Can I copy my spouse’s hard drive?

The answer is maybe. You need legal advice before you try anything like this. A lawyer can get a court order to copy a computer hard drive that might be used in court. The copy would end up in the hands of a forensics computer expert and then given to the judge to rule on the admissibility of the evidence. The idea is that critical evidence could be erased, and the courts can grant permission to copy a hard drive to preserve such evidence. If you don’t have customary access to a computer, or if it is password protected and if you haven’t been given the password, then it’s most likely illegal to copy the computer by yourself.

It is legal to make a copy of a hard drive in your own computer. If, however, you copy the hard drive of a computer that is not yours on your own, anything on there could be rejected as evidence in light of the illegal copying. This is why you should not do anything like this on your own. Get advice from a divorce attorney who is well versed in this procedure. Experts will tell you that unless there are huge bucks at stake, the expense and time required to get a court order is rarely worth it, especially if there are other means to get this same information, so don’t engage in “self-help discovery.”

Here’s some good advice when it comes to your personal security:

  • Frequently change your personal passwords for email, bank PINs, you name it, and make sure they are complex (containing a mix of numbers, symbols, and uppercase and lowercase letters). This is particularly important if you ever shared a password with your spouse.
  • Close joint bank accounts.
  • Delete personal information from Facebook, MySpace, etc.

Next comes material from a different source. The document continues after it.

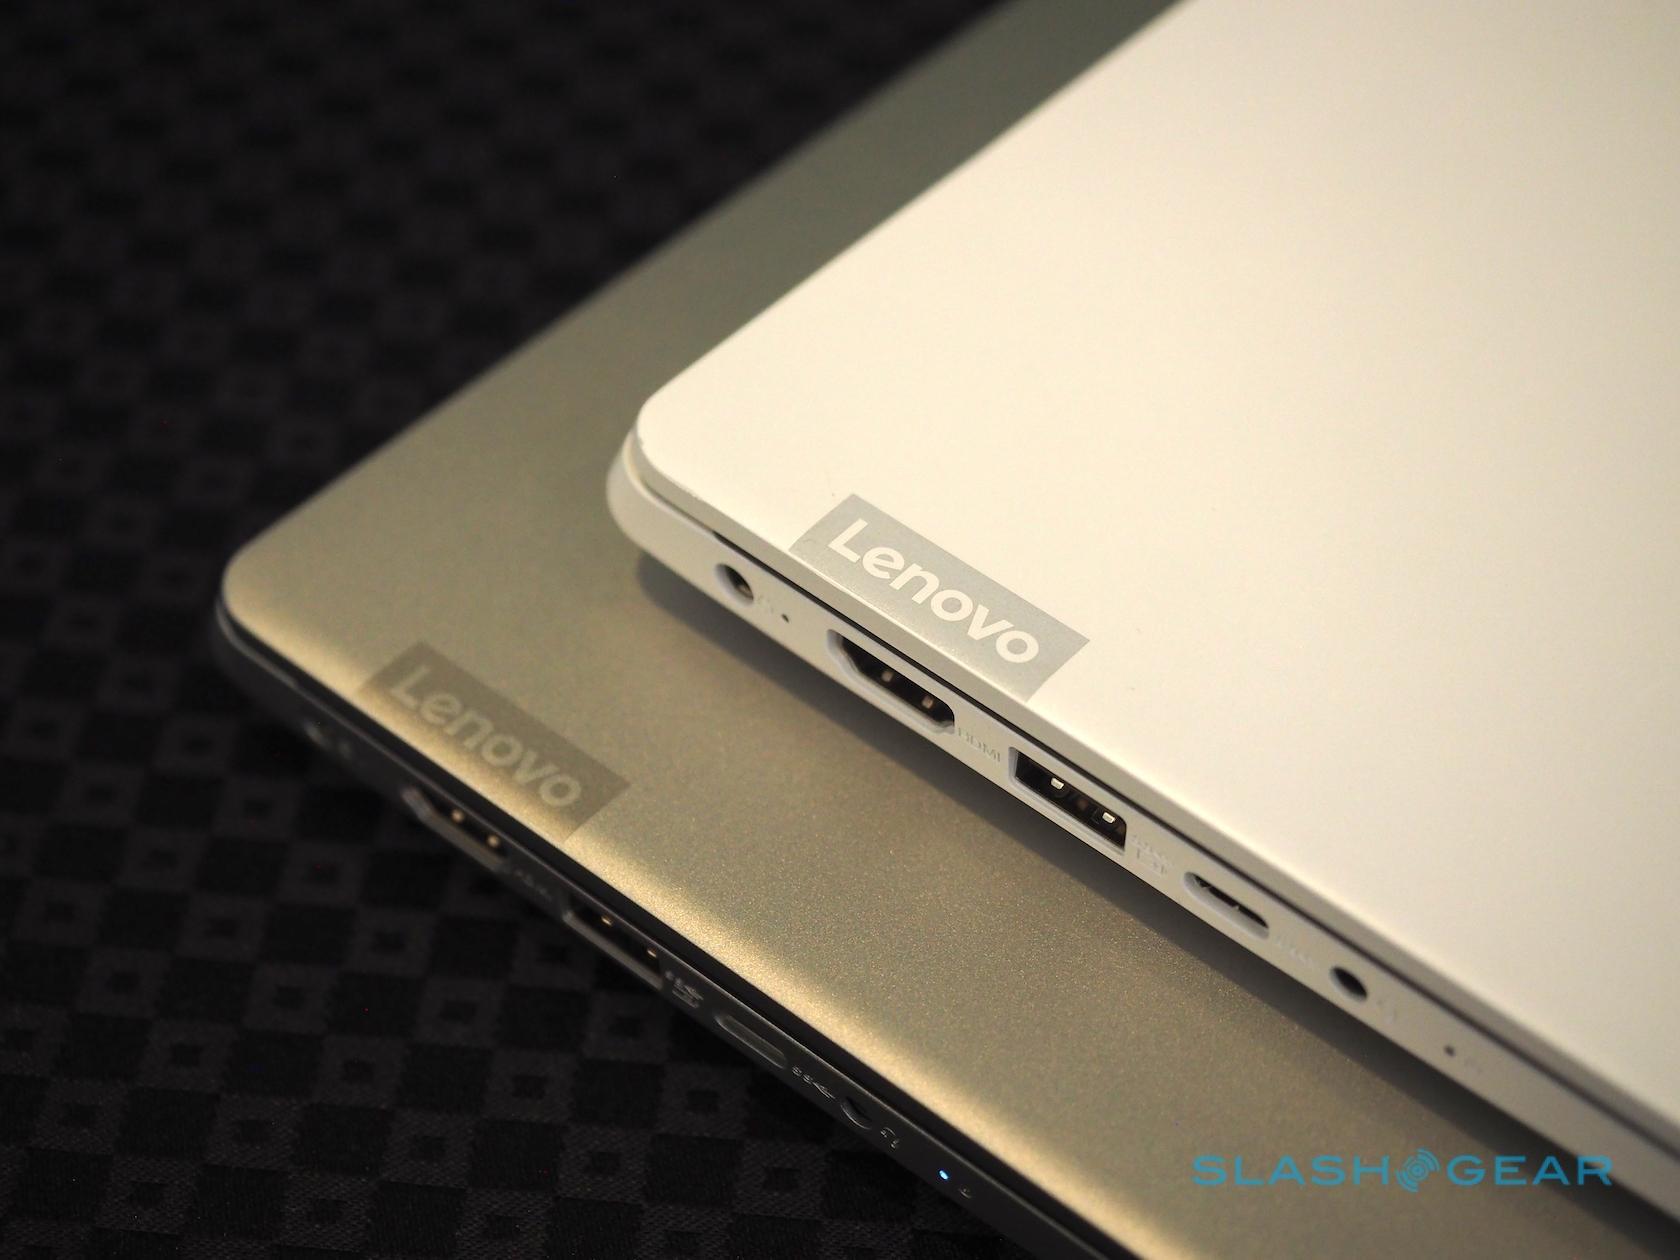 Lenovo IdeaPad 330, 330S, and 530S laptops start at $250

Always keep in mind three important reasons never to try electronic eavesdropping—breaking into someone’s email account, installing spyware, or engaging in any other type of electronic snooping:

—It could be ruled a state or federal crime, a felony

—It could “taint” any evidence you find on it.

—It could alienate the court, which would frown on such “snooping” and considering it a violation of the right to privacy.

Get solid legal advice before you snoop electronically; this could save you a tremendous amount of trouble. A good divorce attorney can steer you to a reliable private investigator or computer expert who won’t get you in trouble.